Recommendation 5: It is recommended that the ADM, SPRS, ensure that a review of the critical security controls for the existing on-premise FGP solution is completed.

Management Response and Action Plan

Management agrees with Recommendation 5. 

In response to recommendation 5, the ADM SPRS, and NRCan CIOSB, will ensure that a review of the critical security controls for the existing on-premise FGP solution is completed.

Position responsible: Director of FGP

Timing:  ADM approval of completed review of the critical security controls – December 31, 2019

APPENDIX A – Audit Criteria

The audit objectives and criteria were developed based on the key controls set out in the TB’s Core Management Controls.
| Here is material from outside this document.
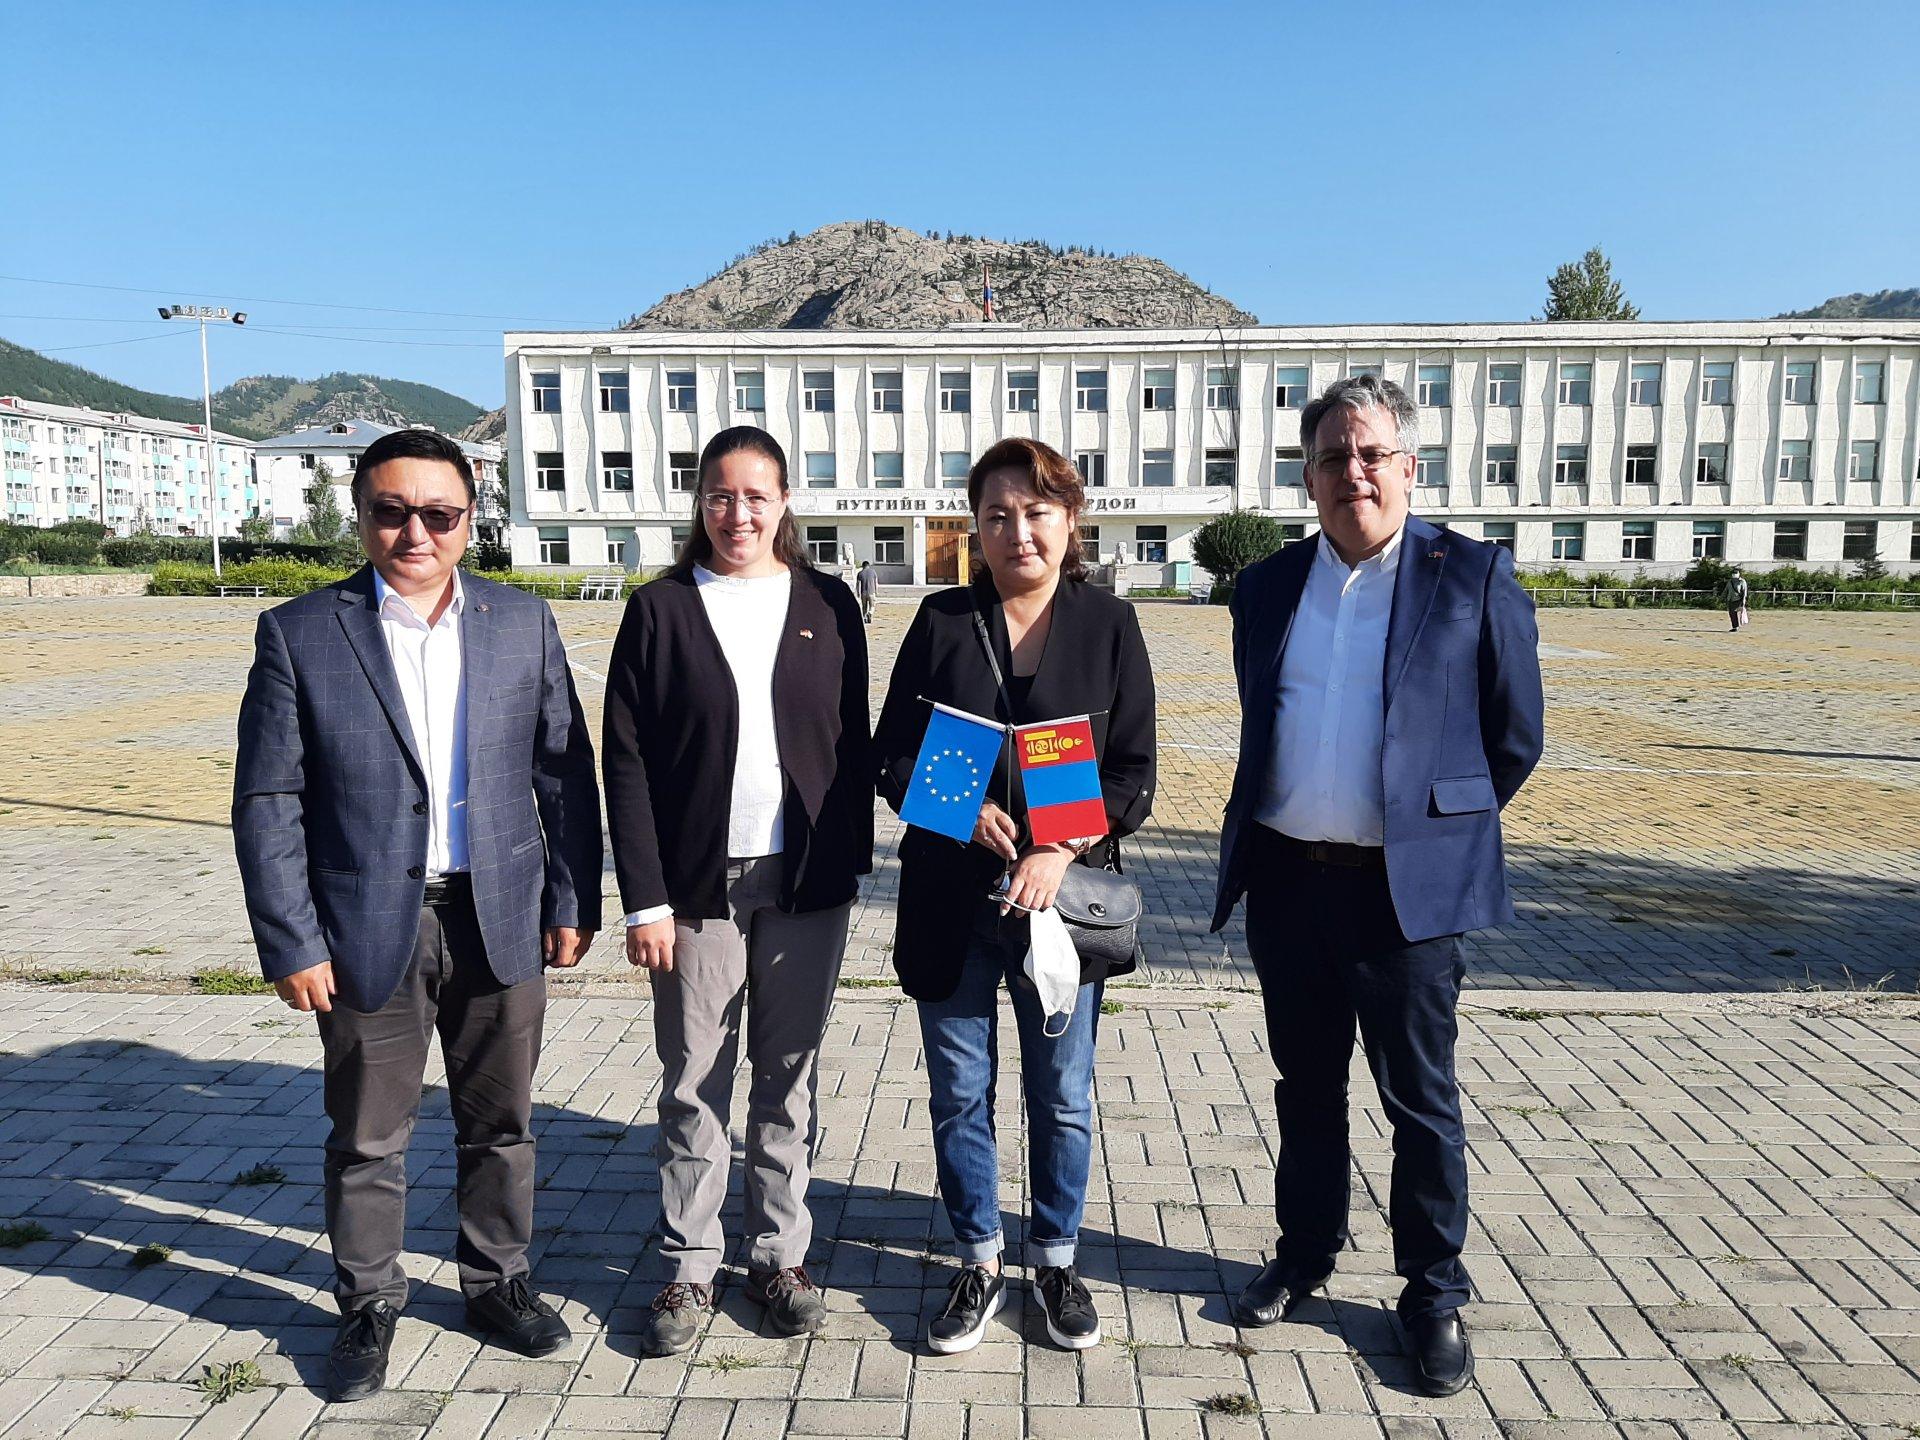 Европын Холбоо STeP EcoLaB төслийн ажилтай танилцав

The criteria guided the fieldwork and formed the basis for the overall audit conclusion.

The objective of the audit was to assess the adequacy and effectiveness of the governance and management processes supporting the administration of the FGP.

Audit Sub-Objectives	Audit Criteria
Audit Sub-Objective 1: To determine whether NRCan has established adequate and effective project management processes for the implementation of the FGP and to inform future horizontally led projects.	1.1 It is expected that a clearly defined project plan was implemented for the FGP project.
	1.2 It is expected that project performance is monitored and reported to senior management to support effective decision making concerning the FGP.
	1.3 It is expected that risks that may preclude the achievement of objectives are identified and formally addressed by management.
	1.4 It is expected that the FGP project team has documented lessons learned to inform future horizontally led projects.
Audit Sub-Objective 2: To determine whether NRCan has established adequate and effective processes to manage partnerships and address stakeholder and user needs.	2.1 It is expected that the FGP project team engages in outreach activities to promote onboarding of new users.
	2.2 It is expected that feedback from partners, users, and stakeholders identify changes to requirements and drive continuous improvement of the platform.
	2.3 It is expected that adequate lines of communication have been established with FGP partners to ensure effective collaboration in achieving program objectives.
	2.4 It is expected that roles and responsibilities for information management are assigned and monitored to support effective management of data throughout the project lifecycle.
Audit Sub-Objective 3: To determine whether NRCan has effectively managed information technology to support the FGP.	3.1 It is expected that plans to effectively manage information technology have been developed and implemented with a view of achieving the objectives of the FGP.